Barnes writes with a particularly lucid economy and this is a novel which leaves you feeling you have drilled deep into remorse, understood something newly unsettling about mortality and  about the memorial propitiations that a life might require.

Booker Longlist: Far to Go

Alison Pick's novel Far to Go is a moving and powerful account of the provisionality of all the stories we tell ourselves about history and identity. Piecing together the fragmentary evidence that surfaces, years later, of the story of a Czech Jewish family in the lead up to the German Occupation of Czechoslovakia in 1939, she weaves a narrative that is both convincing and insistent that it is only one possible version of events. There is, for example, the unknown sibling, whose marginal story is only alluded to, and then unpicked. The fragments that persist are: a watch; a photograph; some lost letters; historical documents and that most conditional of evidences: memory. Holocaust novels tread a difficult line, in that it is hard to see what they can say that doesn't simply collapse into a condemnation of Nazi Germany. Pick though, offers us something else. Her narrative is unflinching, not only in its depiction of the way in which greed and insecurity made special spaces for Nazi ideology to flourish even in closely-knit communities, but also for the way in which ordinary people make mistakes out of hope, love, fear and desperation.

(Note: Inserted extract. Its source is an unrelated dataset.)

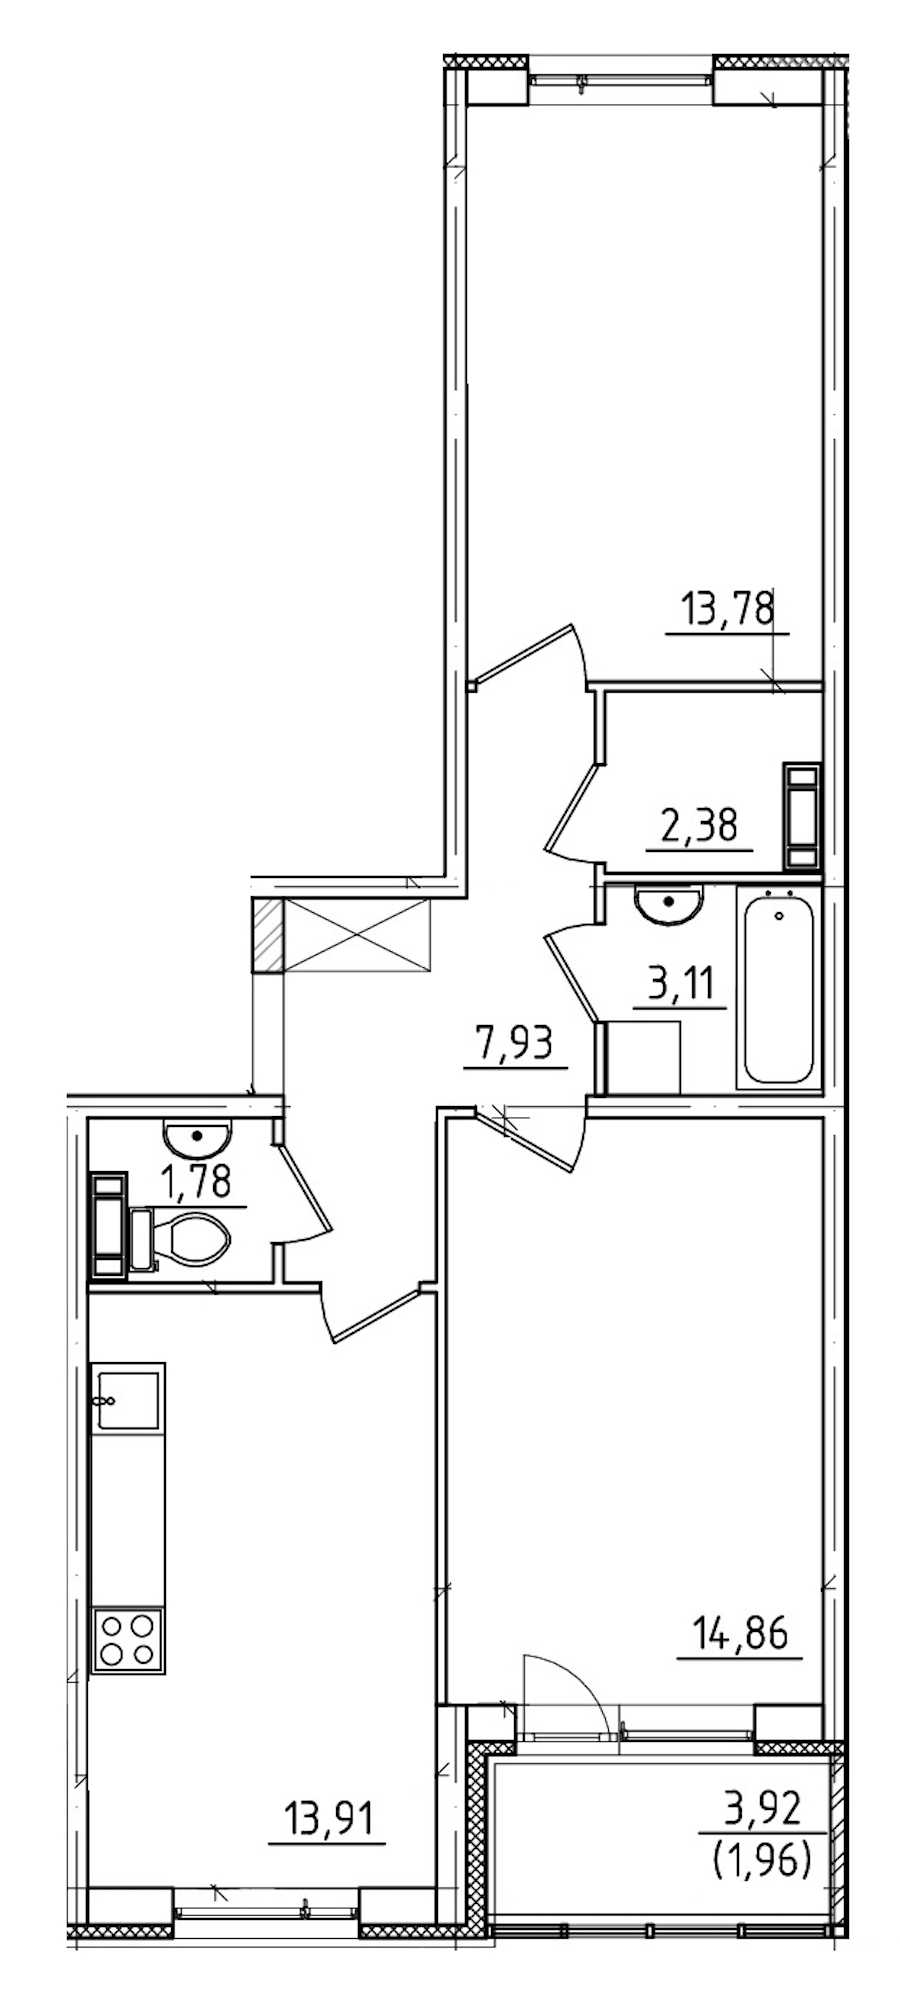 Двухкомнатная квартира в : площадь 59.71 м2 , этаж: 1 – купить в Санкт-Петербурге

The story is in part narrated by Annaliese, a contemporary Holocaust researcher who has dedicated her life to uncovering the stories of the kindertransport children. She constructs the story of the Bauer family, a Sudeten-Czech secular Jewish family who send their little boy Pepik on the kindertransport to Scotland. Her story is an imaginative elaboration of their lives, motivations and compromises. The psychological faithfulness is both devastating and curiously enlarging. While in essence, we learn nothing new about the Holocaust, we do feel we know what we know in a newly truthful way. Surely, that is the one of the great purposes and pleasures of reading?